The advice isn't to literally live a life in the day of a local, it's to ask the locals what the interesting things to do are. Nobody is actually suggesting that you go hang out at an office for 8 hours, stop by an affordable grocery store and then watch Netflix.
E.G. People in Seattle will not tell you to go to the space needle or to Pike Place Market (at best you might hear that you should go at least once). They will tell you to ride a bike from Lake Union to the Locks on a sunny day, and you will have more fun and see more than fighting the crowds at Pike Place.
As a local, one of the funnest things to do is to host out-of-town guests and to just do the touristy things in combination with local knowledge. Bus tours, museums, food, etc. Do it all. For me, it's stuff I'd probably never do unless pressed to provide entertainment for guests I care about.
So, do the local thing with tourists and retain a focus on a combination of showing off the best elements of being a local; with the wide-eyed enthusiasm of the tourist. As a blow-in to NY, I'd like others to appreciate it too.
Do what the tourists do, but with the locals. Do what the locals do, but with the tourists.
It is obvious that "do what the locals do" should not be taken literally, because locals are likely working most of the day. So the authors actual advice seems to be "avoid what the locals do, when they don't want to do anything". Everyone else likely interprets it as "do what the locals do, when they want to have fun" which is good advice.
My daily routines are of no interest to tourist. They are probably similar to their own routines at home anyway. When I got out on the weekends it can get wild though and I'd wager it's exactly what many tourists are looking for.
Yeah, I felt this was obvious as well. I like to "do what the locals do" when I travel, but by that I don't mean work during the weekdays of my vacation or spring clean an apartment. And if I say "do what the locals do" no one else would think I mean that I worked or did house chores.
The locals are living their lives on an organic cadence. They're not maximizing entertainment value or whatever. They will certainly know entertaining things to do, but it's literally not their job to entertain tourists. Maybe seeking out a Disneyland like experience in someone else's home is the problem? Bourdain, Rick Steves, et al. are fun to watch, but I can't help but feel they've actually made the world a worse place by romanticizing tourism. There are many sayings about how travel reduces prejudice... but if you actually look at it at scale, it's almost always a global negative.
I live in a tourist town. 3000 residents, 4 million visitors each year. And I'm just fine with the tourists not going to the places I go - we tend to like the quieter, more affordable places vs. the big fancy price-gouging places. But assuming that us "locals" just sit at home and do nothing is such an unfair and inaccurate assessment. Why would I want to live in a town as crazy as this if I did nothing here?

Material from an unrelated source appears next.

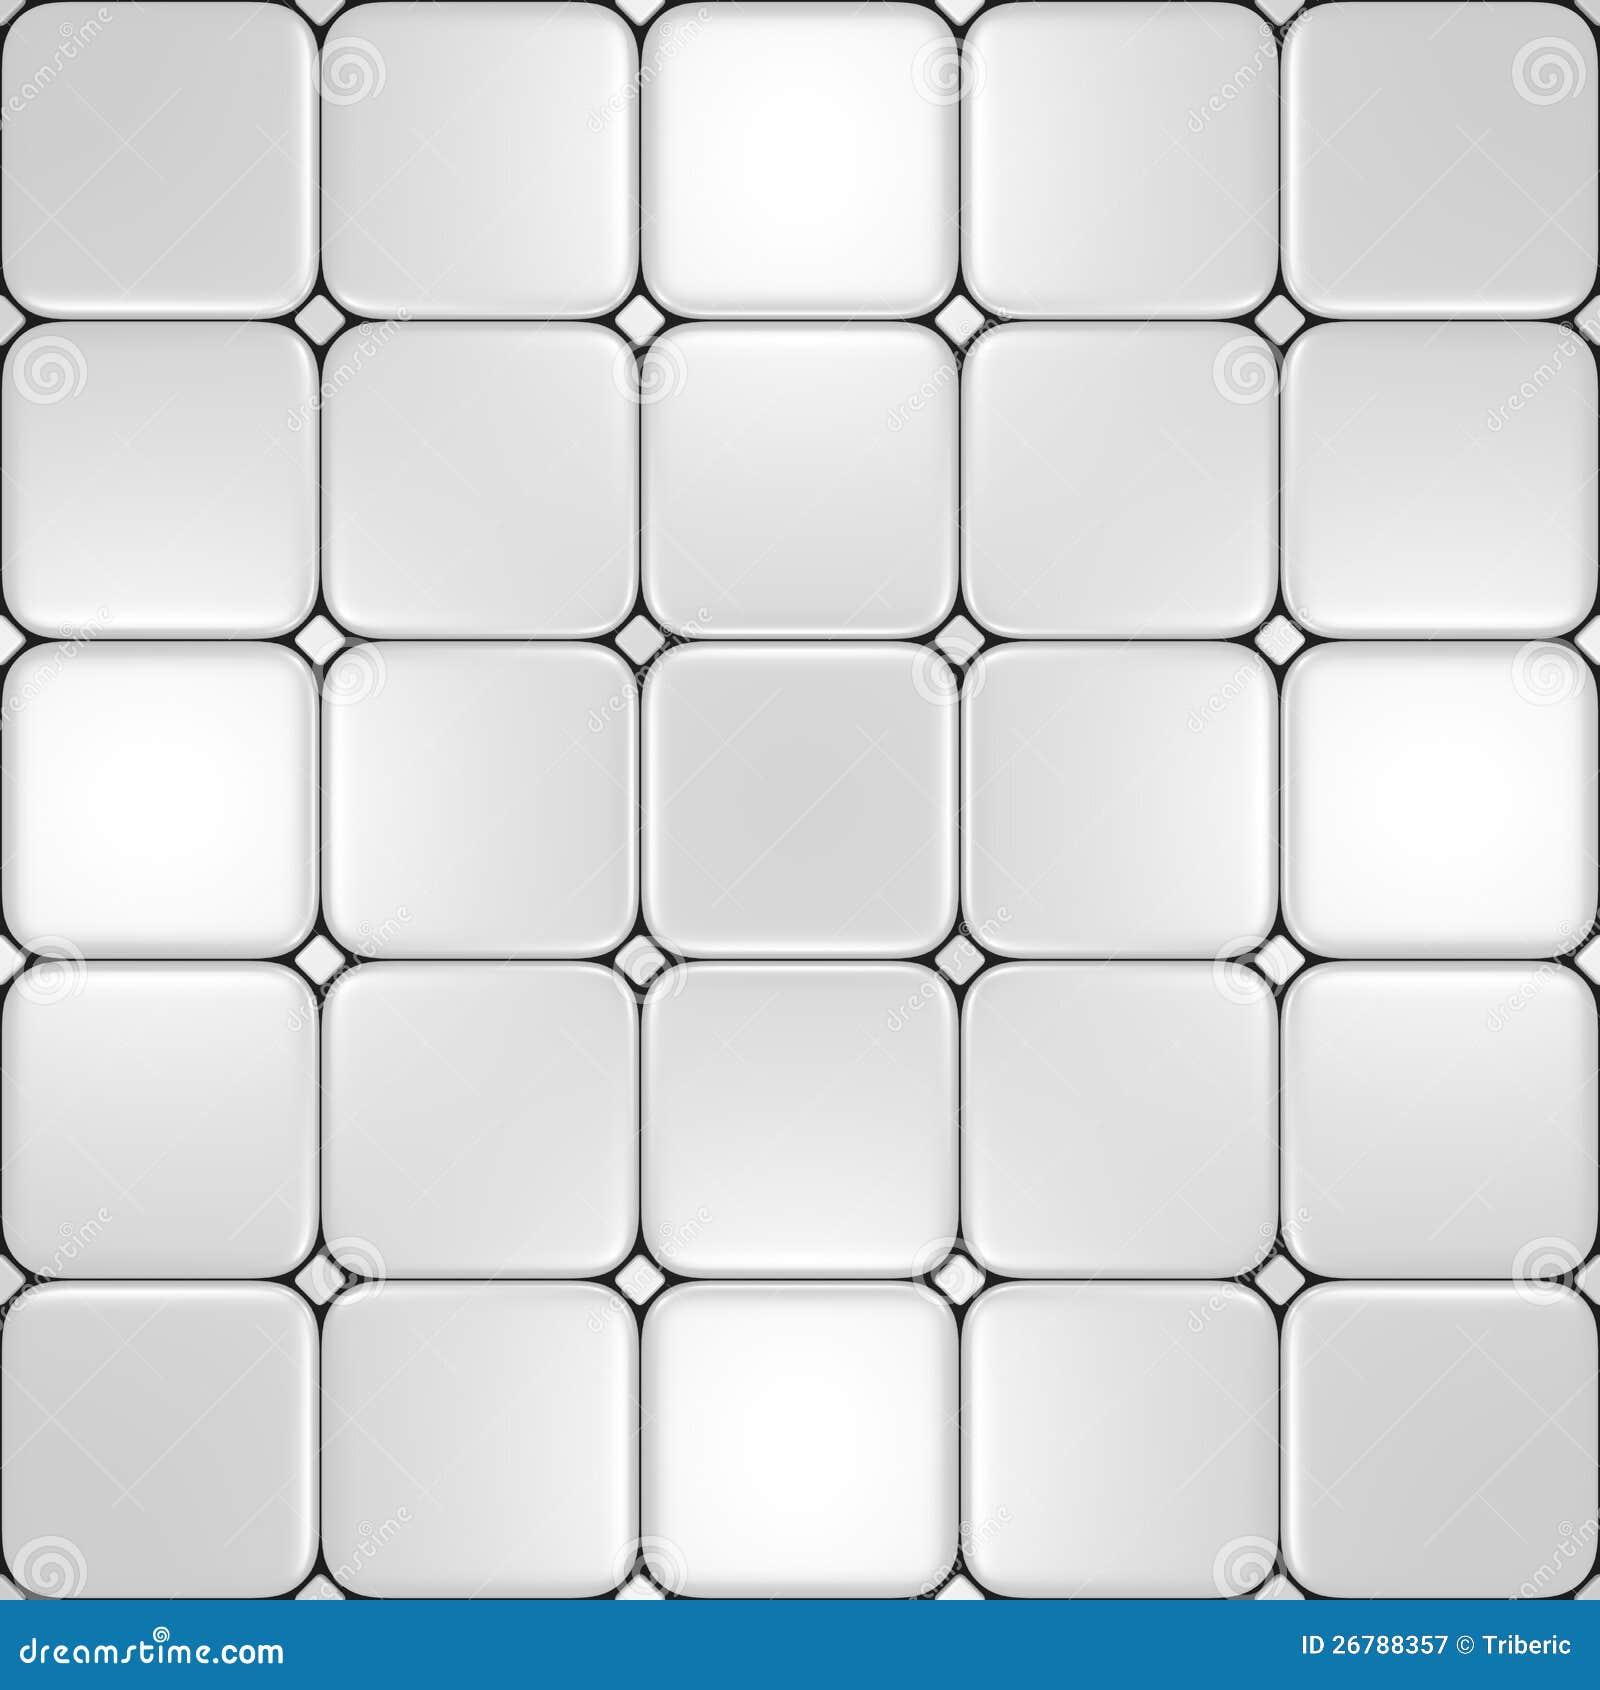 Suelo con diversos azulejos blancos fotograf a de archivo for Suelo 3d blanco

I enjoy having a vast variety of restaurants and activities that I otherwise would not have in a small town in the Midwest. The roads are well maintained, we have more parks than we otherwise would, there are trails, rivers, and tons of activities. We don't spend all our time partaking of the tourist activities, but we abso-freaking-lutely spend some time enjoying what the town has to offer.
Better advice isn't 'do what the locals do' or 'avoid what the locals do'. It's to actually talk to people, both locals and other travelers, instead of treating either group as a script to copy from a distance. Have a beer, ask questions, hang out, and see what people are really into.
That would be lovely but seems people really really want to be in the same places I am.
This year just called defeat and I'm moving out to the countryside, hopefully. My city had almost no tourist three years ago and now I had to shout twice to a tourist guide for using a very loud speaker in the very street I live in.
Just today I saw a 1 start review in a place I really like, by a german lady that was baffled waiters didn't even try to speak english to her.
It's just impossible to fight this. Guess we'll have to make our nice place elsewhere until tourists find out.
> P.S. if you are a local, you can do all of this too.
Last year, after spending a bunch of money putting in a fence, and having a puppy that didn't travel well, we decided that we were just going to take a week off and be tourists at home. We visited the museums we've driven by daily for eight years, and had a blast.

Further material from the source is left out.